Our church has a message for all persons in this country who hunger and thirsty after justice. The very God who creates human beings in the divine image and likeness, creates the earth and all that is in it for the use of all humans in such a way that created good can reach all in a more just manner, and gives them power to transform and perfect the world in solidarity.

It is the same God Who, in the fullness of time, sends the Son in the flesh, so that he might come to liberate all persons from the slavery to which sin had subjected them: hunger, misery, oppression and ignorance - in a word, that injustice and hatred which have their origin in human selfishness.

We join Bishop Banda in calling all persons of goodwill that they cooperate in truth, justice, love and liberty, in this transforming labour of our people, the dawn of a new era. We should unite ourselves with the life of all our people in the painful search for adequate solutions to their multiple problems.

The political leadership of our country must somehow get close to the poor, because only close experience will teach them the great magnitude of the problems that afflict the majority of our people. They must therefore reform the structures of government and indeed of their own political party so that such contact really takes place.

As long as our political leaders do not actually share the problems of the people - lack of basic necessities, insecurity, unemployment and so on and so forth - they cannot really identify with the joys and the hopes, the grief and the anxieties, of persons of this age, especially those who are poor.

The poverty situation is the product of unjust socio-economic structures. Our political leaders are members of a society that has taught us to look coldly on the impoverished plight of our fellow citizens. And this, in some way, explains the corruption and abuses we see every day. There are people who are getting from the state, through corruption, more than their fair share. The present situation in our country calls for some radical changes.

First and foremost, we must instill an attitude of service to society in our political leaders and a genuine concern for marginal groups. Our politicians must play a leading role in the transformation of the present-day society and in the wake of bettering the human condition. The epoch in which we are living is a critical moment in the history of our country. For this reason, we should give it absolute priority. We should participate, as best as we can, in the common quest of all for a freer, more just and more humane society.

We have no alternative. We must continue struggling, with the hope that the better world will become a reality - as it will, if we keep struggling. We should never renounce our dreams, our utopia for a more just, fair and humane society. Let's ensure that the material wealth of this country reaches all and should not be monopolised by a small group of people who are in power.

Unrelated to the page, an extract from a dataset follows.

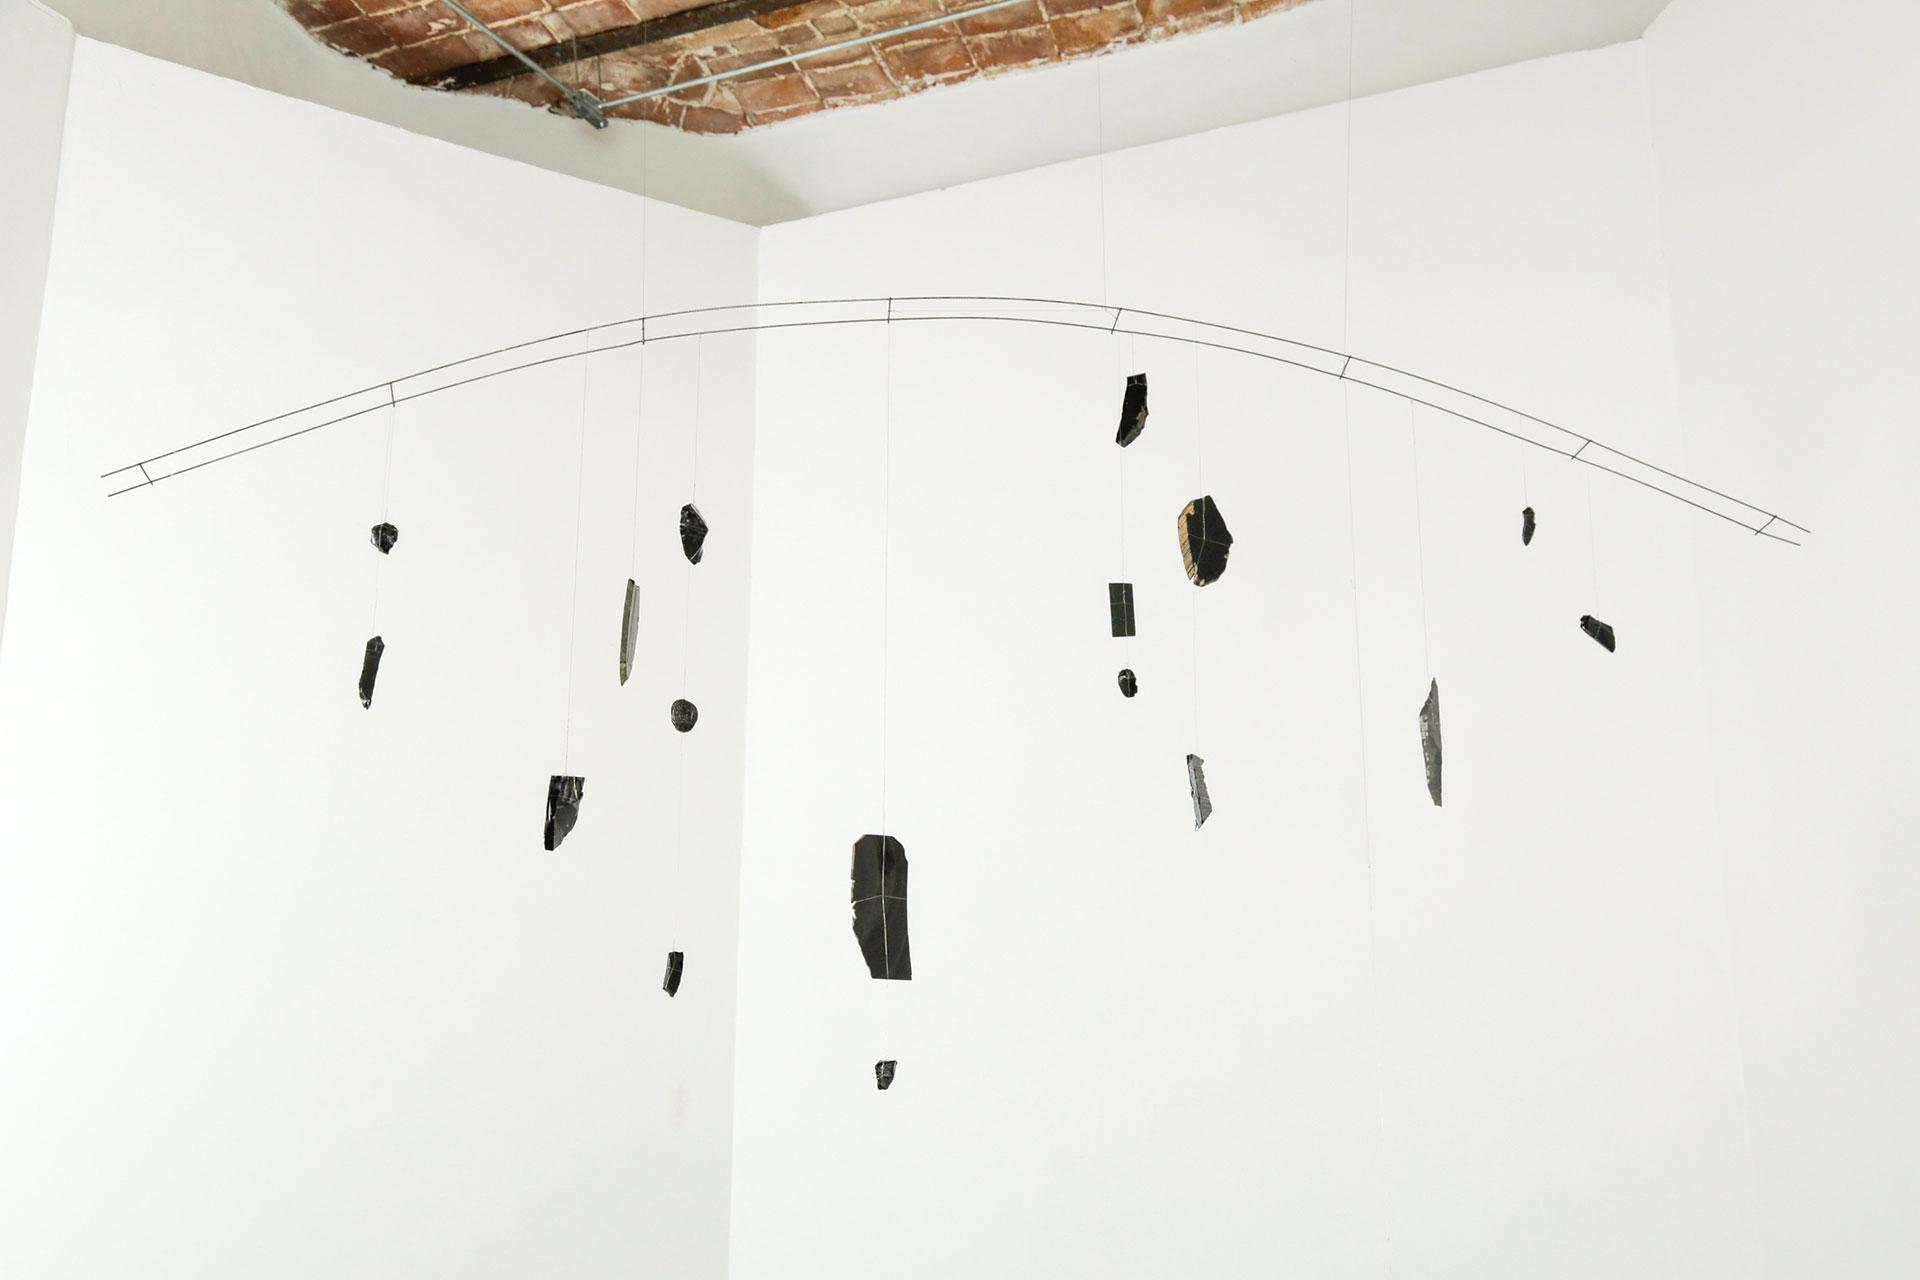 Cielo y tierra #18   Perla Krauze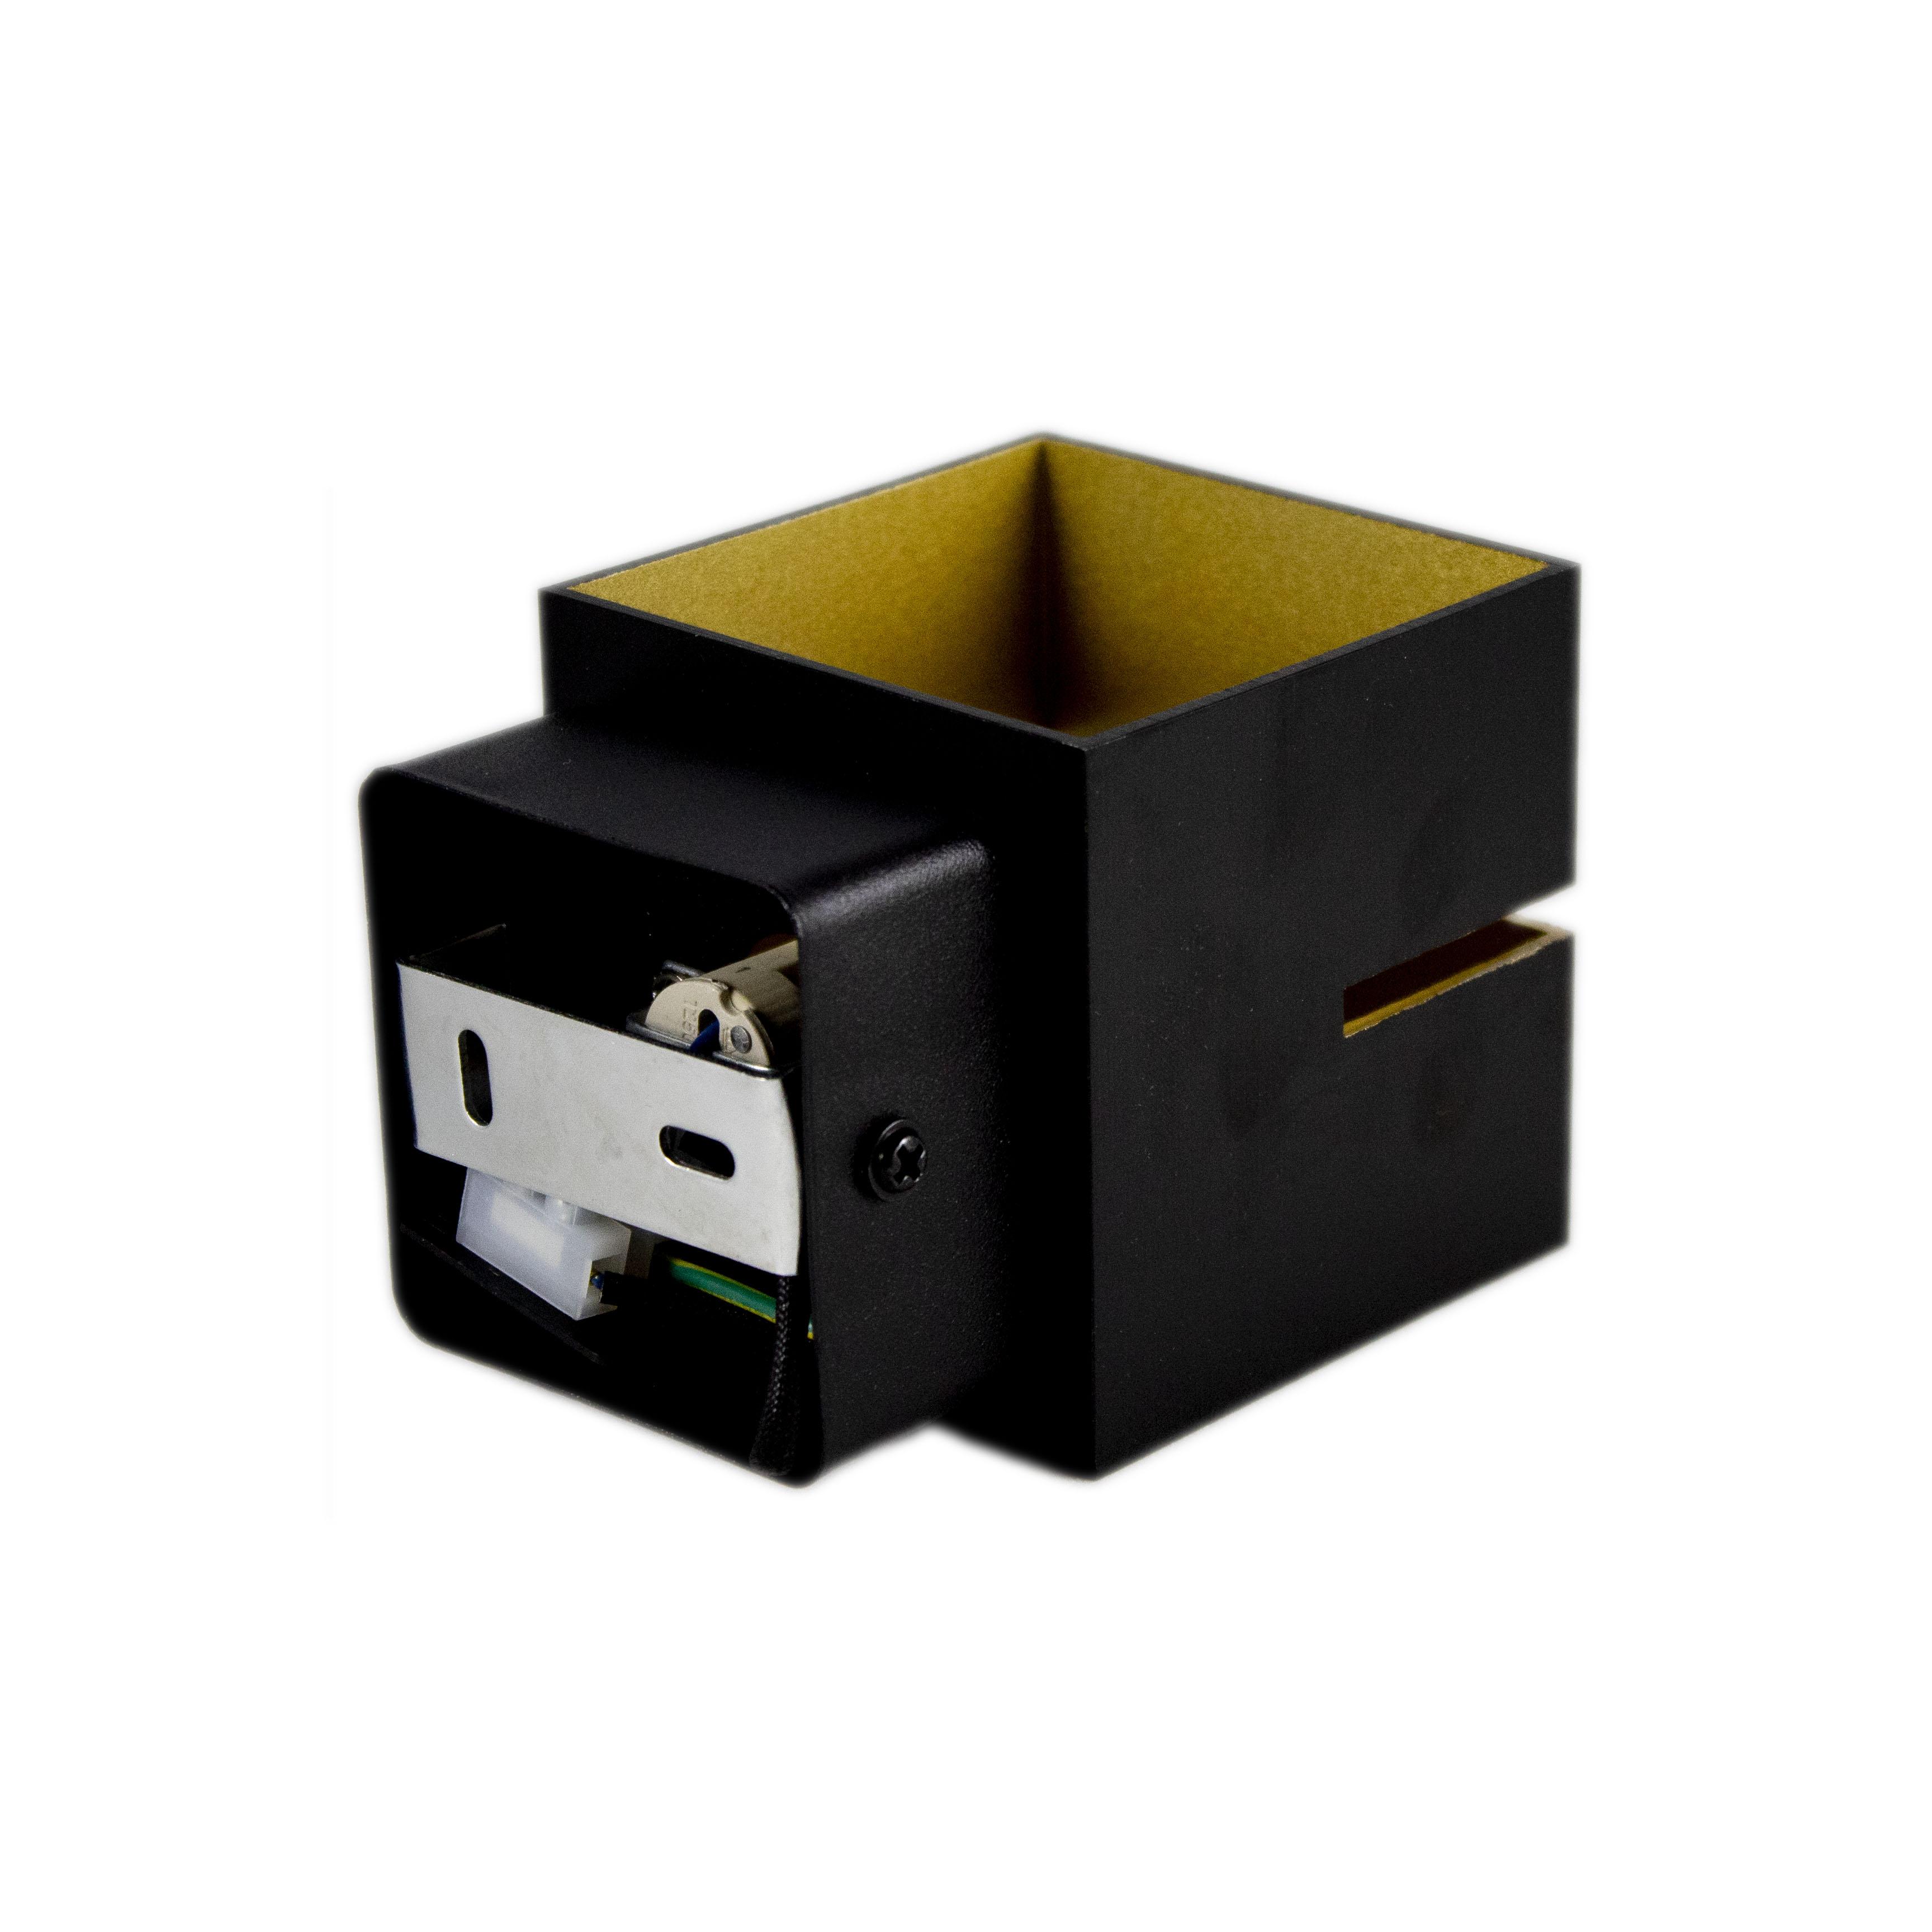 Led wandlamp vierkant zwart goud 2 keer G9 fitting - ip20 - achterkant bevestiging

Moreover, political power must have as its aim the achievement of the common good. The best way to fulfill one's leadership obligations of justice and love is to contribute to the common good. We say this because the common good is the existence of the political, social and economic institutions. It enables people to express commitment and concern for each other as well as attain the fullness of love. Common good calls upon all persons to contribute and commit themselves to building a more just, fair and humane society for all.

And as Bishop Banda has correctly observed, "This makes our involvement in the fashioning of a better world, a better Zambia, ever more compelling. We have a duty and responsibility to cooperate with God to make a better world for that matter a better Zambia. We must not reign and fold our arms just waiting for a new world". Indeed, it is the duty of everyone of us to struggle for a better world, a better country, a more just and humane nation.